Abstract（参考訳）: 知識に基づく視覚的質問応答(VQA)は、正確な回答のために、画像以外の世界の知識を必要とする。近年、余分な知識ベースの代わりに、gpt-3のような大きな言語モデル(llm)が暗黙の知識エンジンとして活性化され、画像からテキスト情報(キャプションや回答候補など)に変換して、応答に必要な知識を共同取得し、推論する。しかし、そのような変換は無関係な情報を導入し、LCMは画像を誤解釈し、正確な知識に不可欠な視覚的詳細を無視する。マルチモーダルな大言語モデル(MLLM)は視覚的理解の優れた能力において,LLMよりも暗黙的な知識エンジンである,と我々は主張する。それにもかかわらず、暗黙の知識エンジンとしてMLLMの容量を活性化する方法はまだ検討されていない。そこで本稿では,知識関連記述を生成するために,インストラクトBLIPのようなMLLMに関連性のある視覚情報や言語情報を提供する生成推論フレームワークであるGeReAを提案する。具体的には、質問関連画像領域と質問特化マニュアルプロンプトをMLLMに符号化し、質問対応プロンプトキャプションと呼ばれる知識関連記述を生成する。その後、質問認識プロンプトキャプション、画像検索ペア、および同様のサンプルをマルチモーダル推論モデルに送信し、回答予測のための共同知識検索表現を学習する。 GeReAはMLLMを暗黙の知識エンジンとして使用し、OK-VQAデータセットとA-OKVQAデータセットのすべての最先端メソッドをそれぞれ66.5%と63.3%の精度で上回っている。私たちのコードはhttps://github.com/Upper9527/GeReAでリリースされます。

関連論文リスト

Knowledge Acquisition Disentanglement for Knowledge-based Visual Question Answering with Large Language Models [10.526705722339775]

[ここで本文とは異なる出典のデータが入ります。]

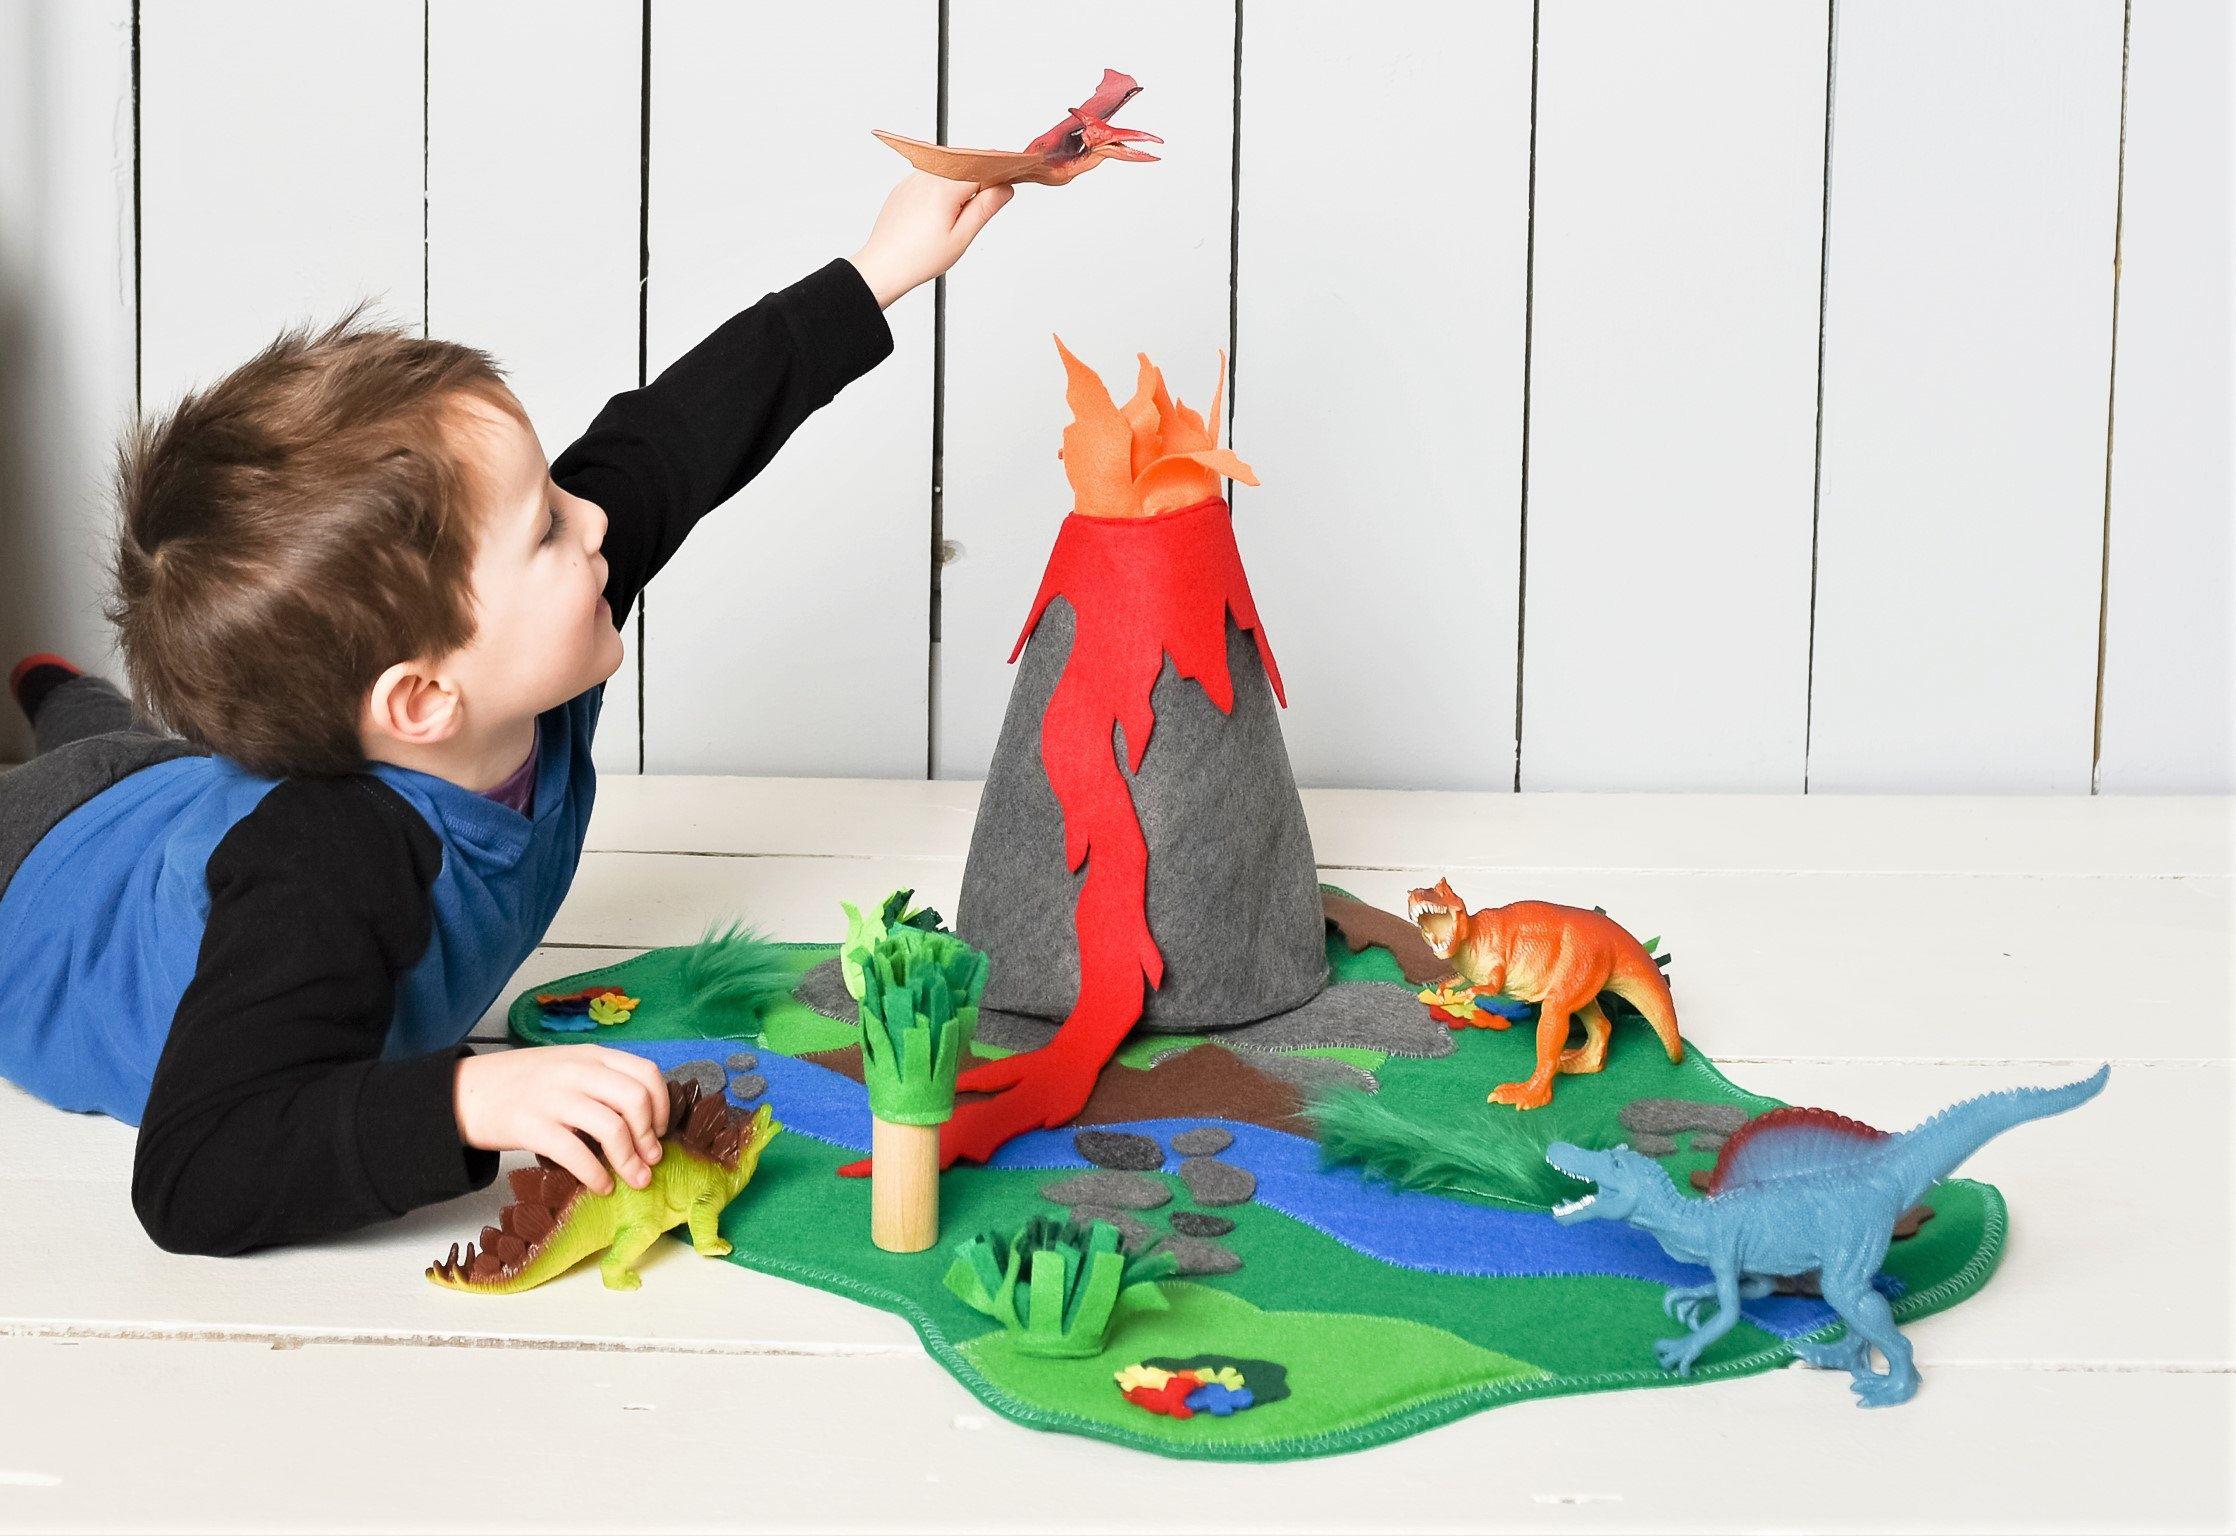 Jursassic World Playmat Volcano Play Mat Dinosaur Land Large Felt Play Mat Includes Everything Floor Play Ma Felt Play Mat Chirstmas Gift Handmade Toys

KVQA (Knowledge-based Visual Question Answering) は、質問に答えるために、画像と世界の両方の知識を必要とする。現在の手法は、まず最初に元の複雑な質問で画像と外部知識ベースから知識を取得し、次にLarge Language Models (LLM)で回答を生成する。 DKA: LLMフィードバックからの解答知識獲得(DKA: Disentangled Knowledge Acquisition)を提案する。
論文参考訳（メタデータ） (2024-07-22T03:05:32Z)
Rethinking Visual Prompting for Multimodal Large Language Models with External Knowledge [76.45868419402265]

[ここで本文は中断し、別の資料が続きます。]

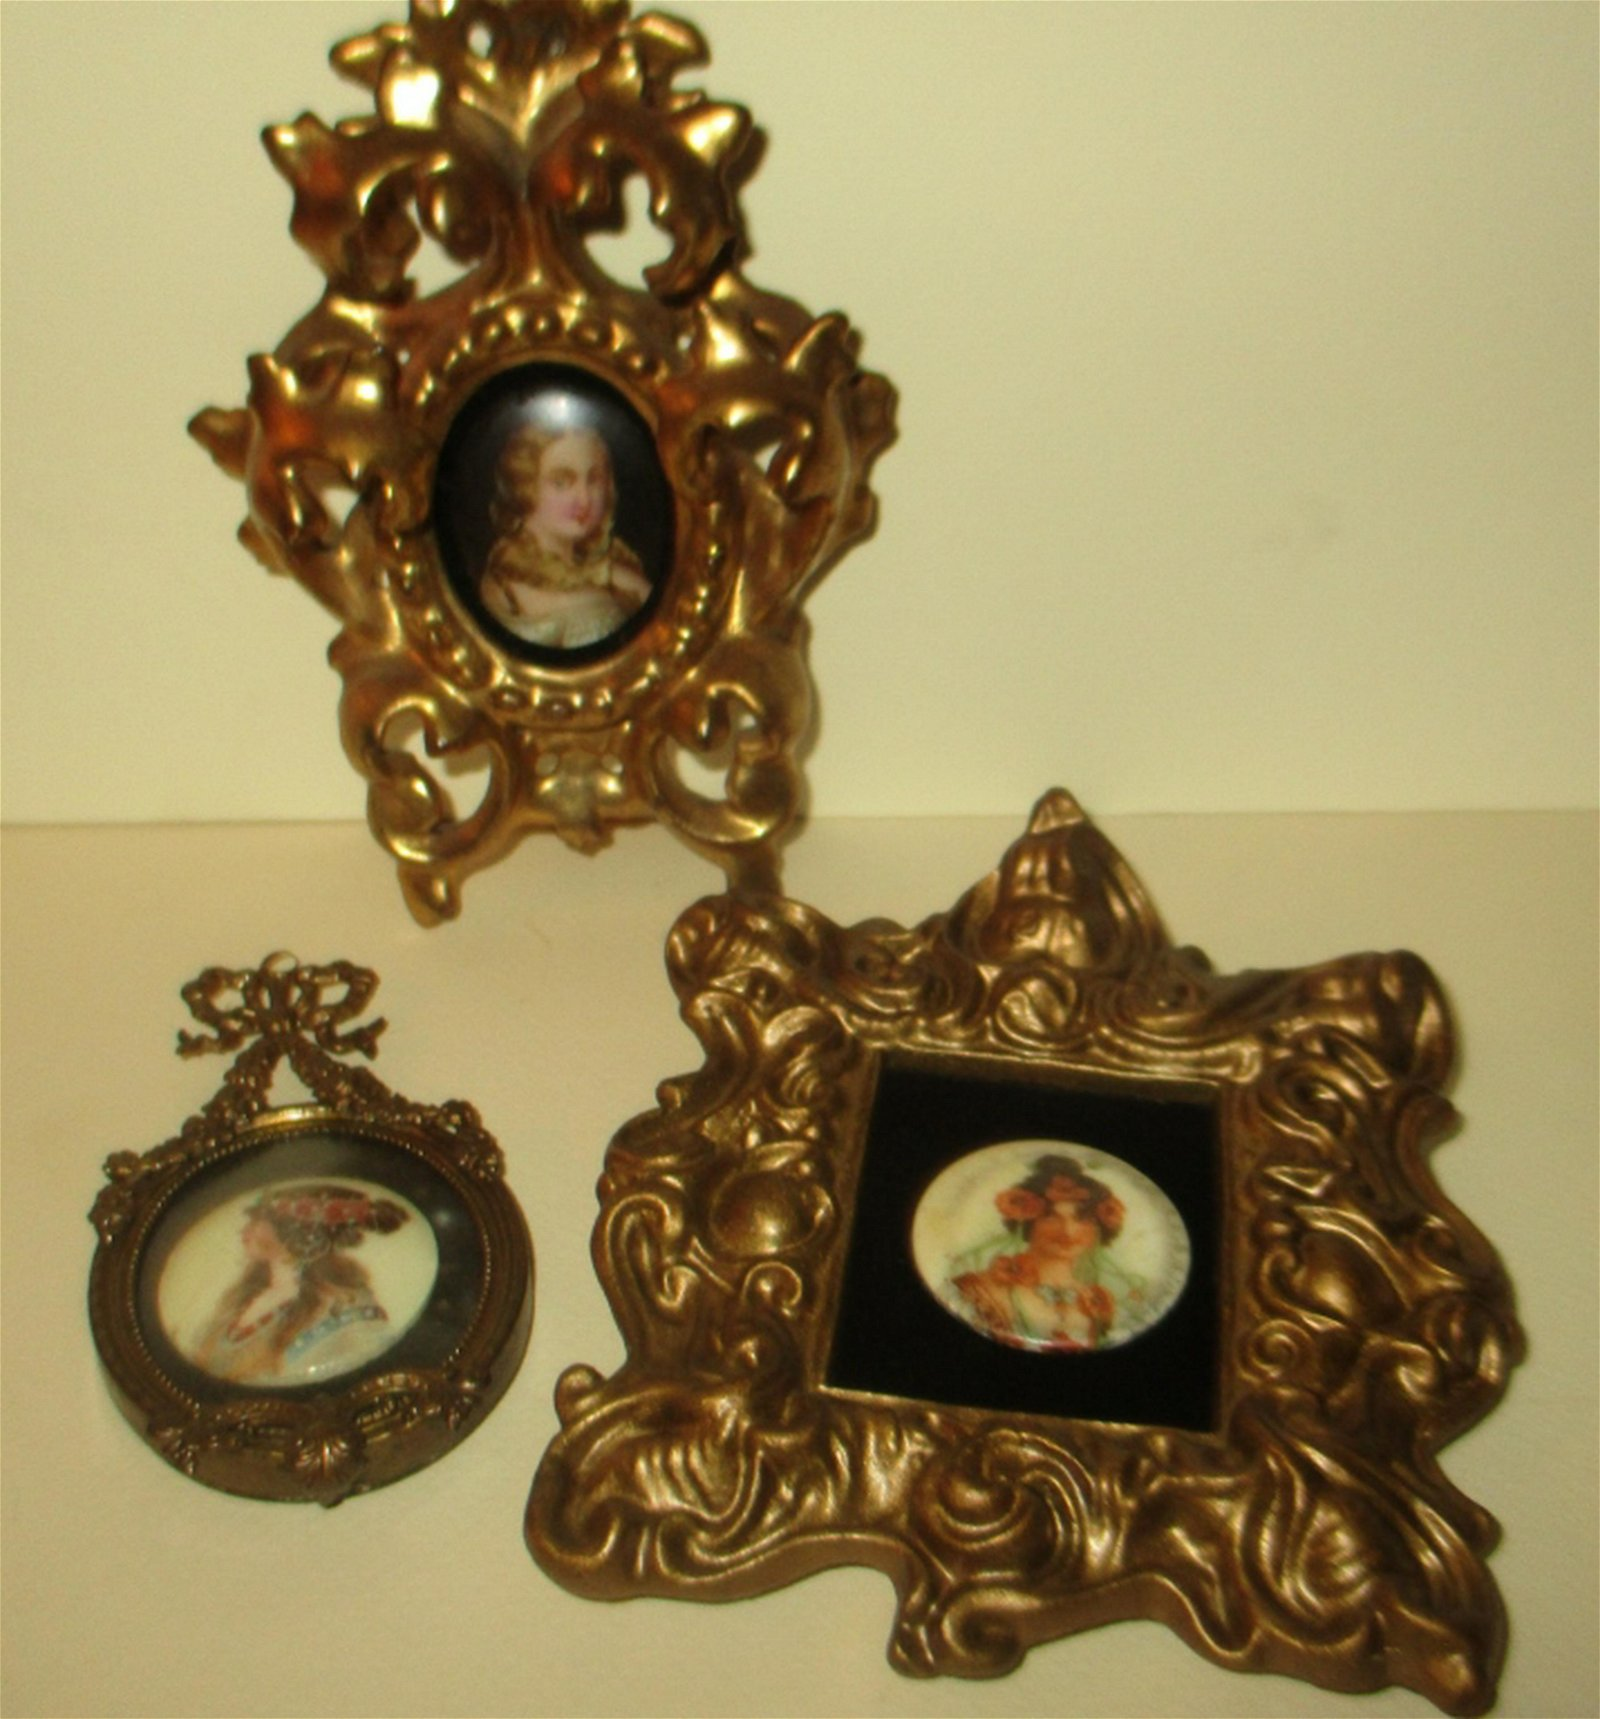 Three Framed Miniature Porcelain Plaques

マルチモーダルな大言語モデル(MLLM)は、膨大な高品質の画像テキストデータセットをトレーニングすることで、大きな進歩を遂げている。しかし、マスクのような細粒度や空間的に密集した情報をテキストで明示的に伝達することの難しさは、MLLMにとって困難である。本稿では、特殊な視覚モデルから派生した細粒度の外部知識をMLLMに統合する新しい視覚的プロンプト手法を提案する。

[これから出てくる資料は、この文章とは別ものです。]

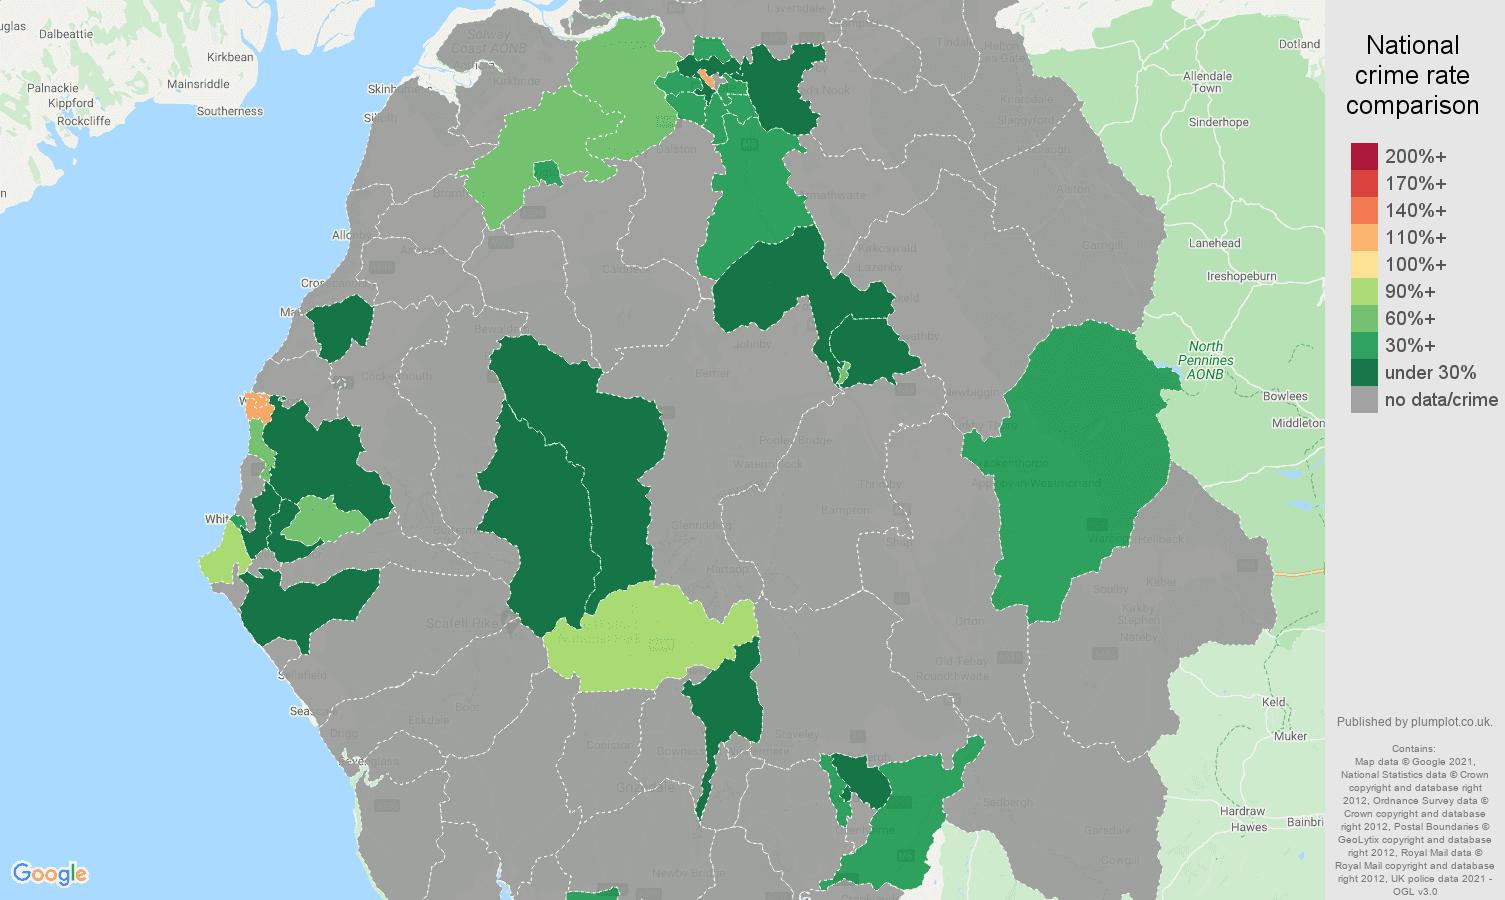 Cumbria robbery crime rate comparison map

論文参考訳（メタデータ） (2024-07-05T17:43:30Z)
Untangle the KNOT: Interweaving Conflicting Knowledge and Reasoning Skills in Large Language Models [51.72963030032491]
大規模言語モデル(LLM)の知識文書は、時代遅れや誤った知識のためにLLMの記憶と矛盾する可能性がある。我々は,知識紛争解決のための新しいデータセットKNOTを構築した。
論文参考訳（メタデータ） (2024-04-04T16:40:11Z)
Filling the Image Information Gap for VQA: Prompting Large Language Models to Proactively Ask Questions [15.262736501208467]
大規模言語モデル(LLM)は、驚くべき推論能力と世界知識の維持を実証する。画像がLLMに見えないため、研究者は画像からテキストに変換してLLMを視覚的疑問推論の手順に変換する。我々は、LLMが積極的に関連する質問をし、画像のより詳細な情報を公開できるフレームワークを設計する。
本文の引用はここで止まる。